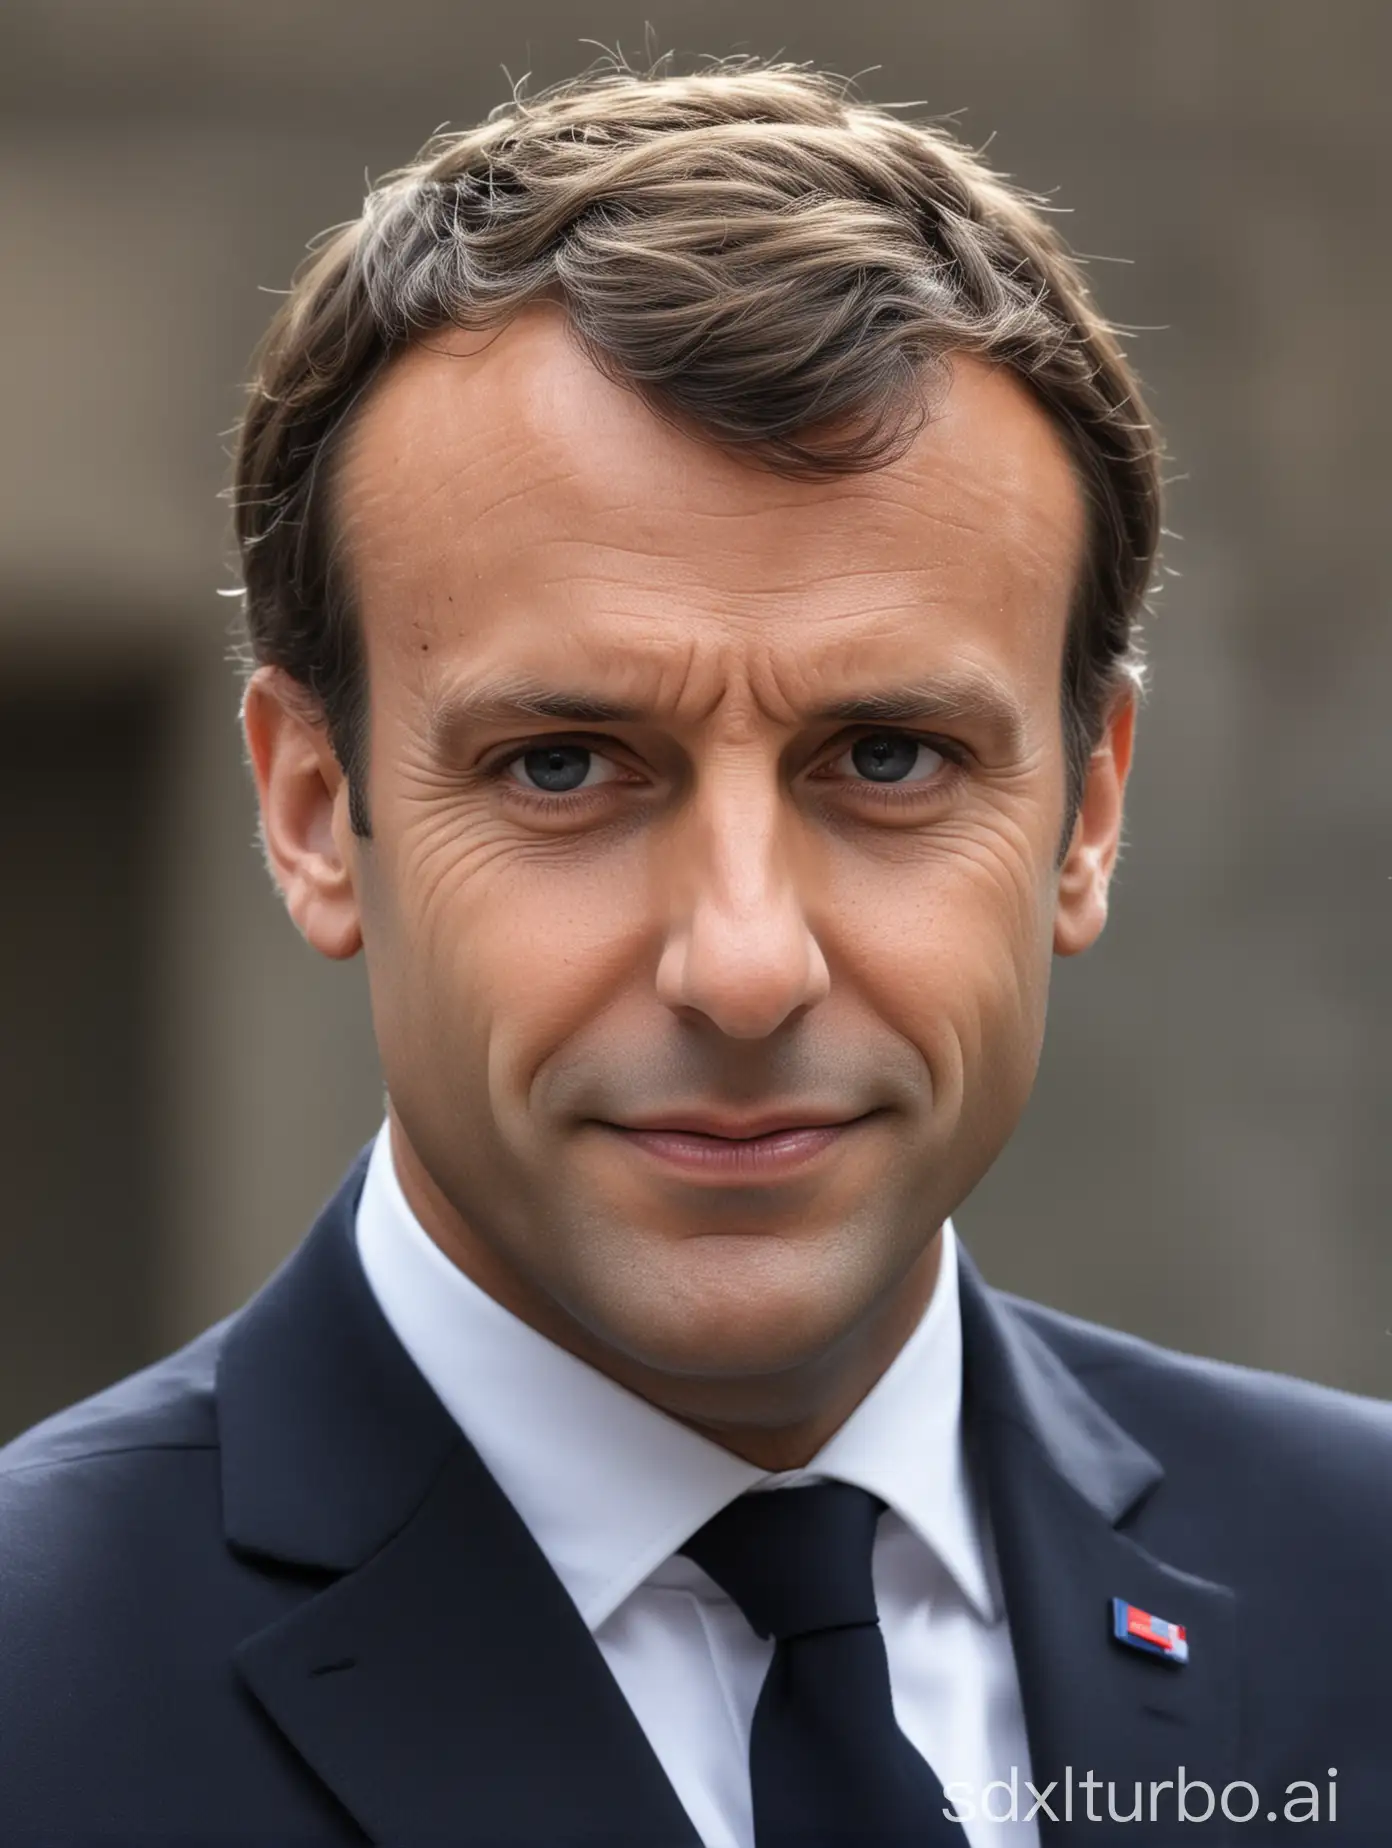 The french president Emmanuel Macron
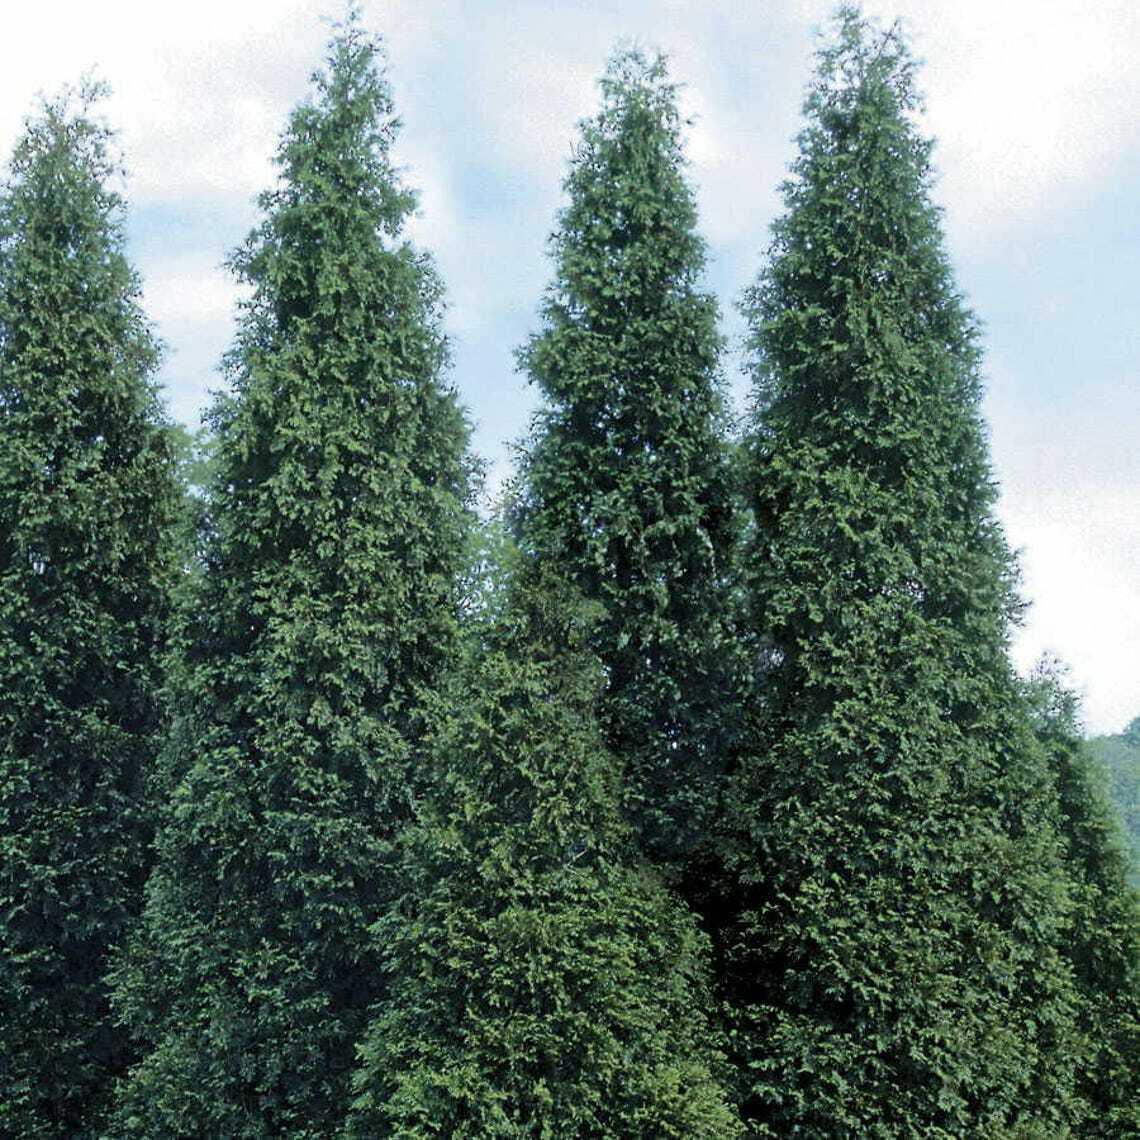 70 Thuja Green Giant Arborvitae Trees/Shrubs - 12-16" Tall Live Plants - 3" Pots - The Nursery Center
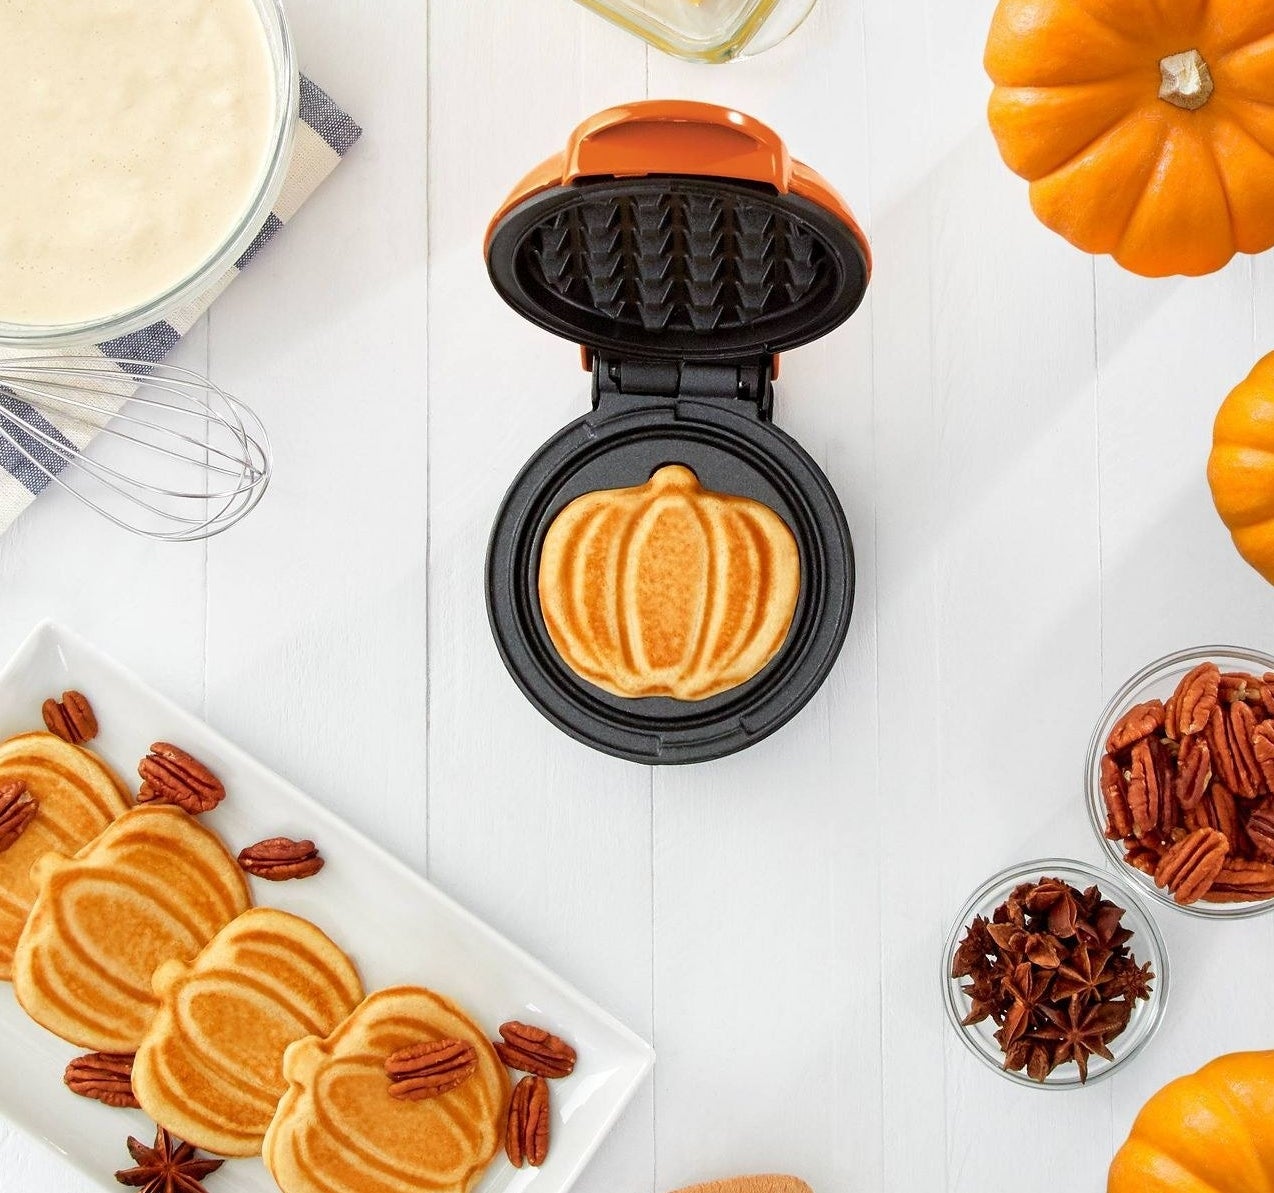 pumpkin-shaped waffles made using the orange griddle

### [PROBLEM DESCRIPTION]
Your copy should hold only the lines from the line with "70 Thuja Green" through the end of the data above, both ends included, transcribed exactly and without pictures.

### [ANSWER]
 70 Thuja Green Giant Arborvitae Trees/Shrubs - 12-16" Tall Live Plants - 3" Pots - The Nursery Center
 pumpkin-shaped waffles made using the orange griddle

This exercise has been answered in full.